Pre-empting this potential loss of information and leveraging data-led insights to enable more efficient workflows and bridge productivity gaps is what led us to develop the 草榴社区 DesignDash data-visibility and machine-intelligence-guided design optimization and signoff-closure solution.
As a complementary product to the 草榴社区 Digital Design Family and the 草榴社区 DSO.ai? AI application for chip design, the cloud-optimized DesignDash solution combines engineering R&D with the data that underpins design to serve as an always-on, always-ready design-data companion. Designed with a comprehensive, 360-degree view, it captures every part of the design flow so that a designer can understand the “what,” “why,” and “how” when they need to solve a design problem.

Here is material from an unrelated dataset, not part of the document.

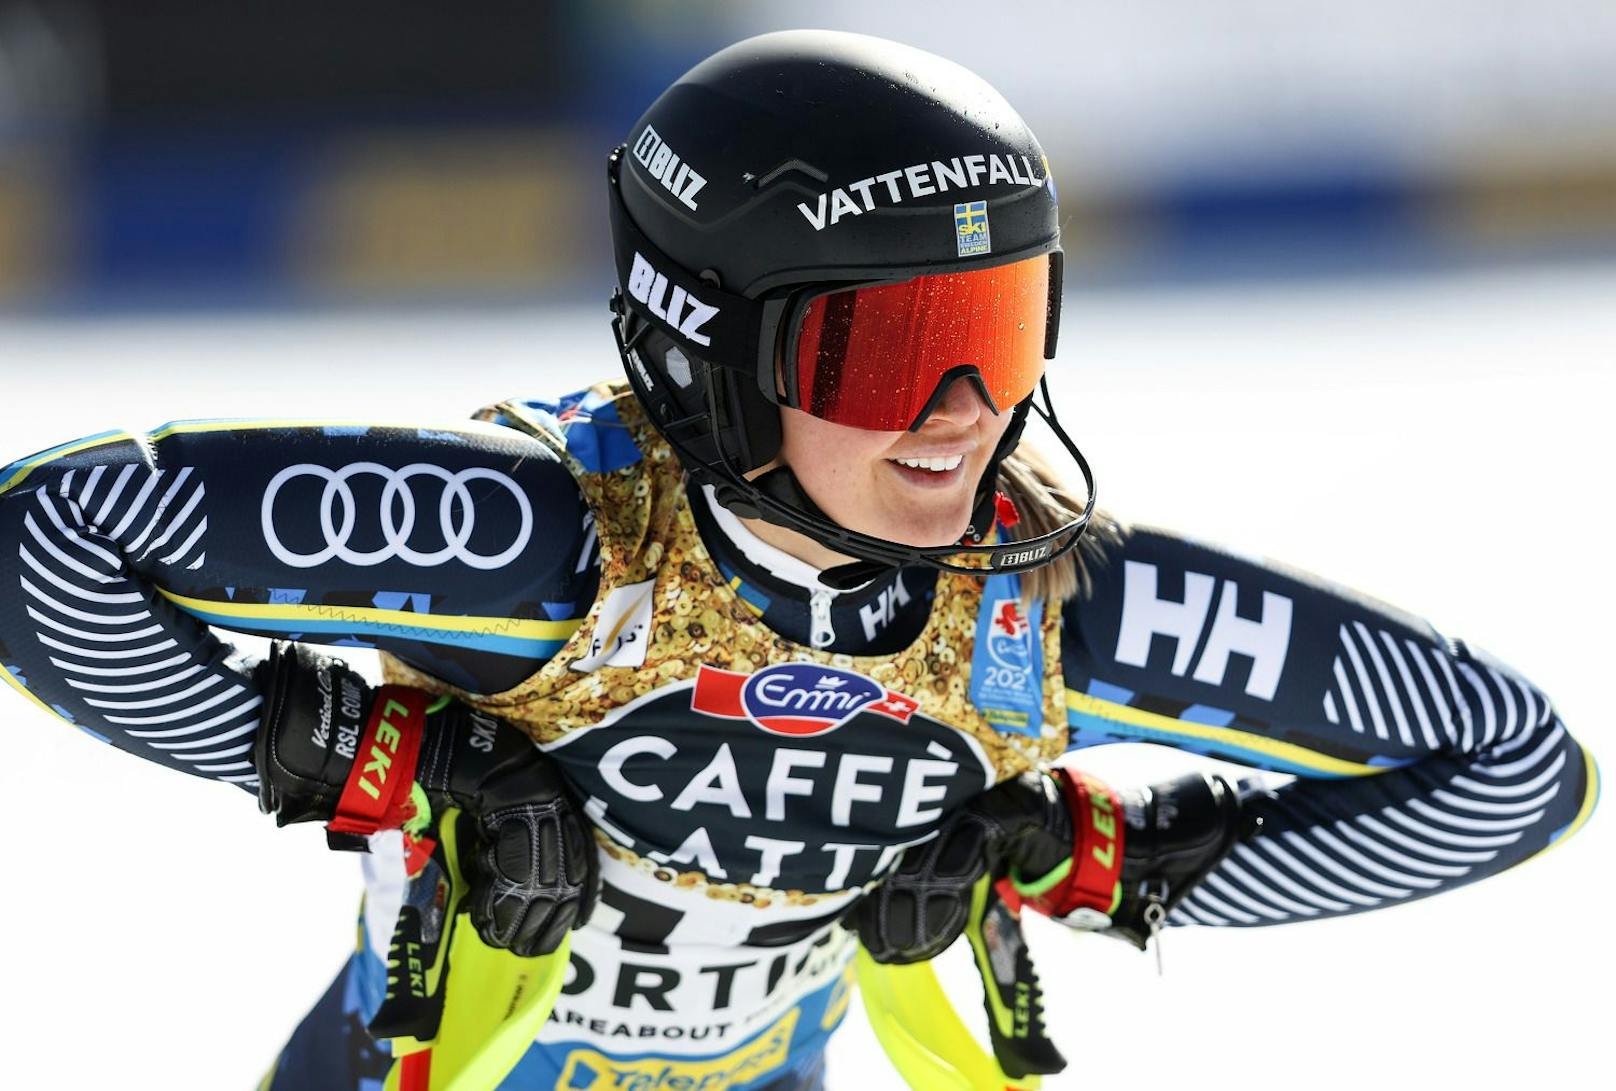 Emelie Wikström nimmt mit 29 Jahren den Hut. Sie gibt mentale Probleme als Grund an. Ihre Erfolge: Platz sechs im Olympia-Slalom 2014. Zehn Top-Ten-Platzierungen im Weltcup, zwei Weltcupsiege im Mannschaftsbewerb mit Schweden.

Making the “why” readily identifiable clearly carries particular value for a designer who needs to fix an issue. During Richards’ conversation with Nick Flaherty at , he described how a comprehensive view of the design flow allows teams to understand why things happened as they did and identify causes systematically.
“Our R&D team has developed a number of models on their own data, including connectivity, and use machine learning (ML) to predict what might happen in the tool flow. We can then create apps that, for example, apply suggested constraints on timing and the models continue to train over time. You can also add in your own ML models with a Python interface for custom workflows and there are rule-based workflows that work out of the box and are shareable. This means I can start to find trends, do data mining, and look at how to improve the design flow.”
Keeping the industry’s widening talent gap in mind, Richards continued the conversation with Marie C. Baca at , elaborating on how the labor crunch has finally convinced chip designers to bet serious money on big data and realize productivity gains through intelligent use of data:
“It’s like compound interest in your bank account. Even small efficiencies can compound over time, especially if you can make every engineer at the company more efficient. Then you can start to address those holes around not having enough engineers or not having enough experienced engineers. A lot of the macroeconomic changes are going to take 20 years to come out of the pipeline. This kind of technology can make everyone more effective today and help the shortfall that’s happening now.”
Thanks to knowledge-led design, actionable insights, and effective debugging and optimization, designers can now unlock the potential of design-flow data to enable better decision-making and accelerate the number of “implementable” designs across a broader architectural solution space than previously seen.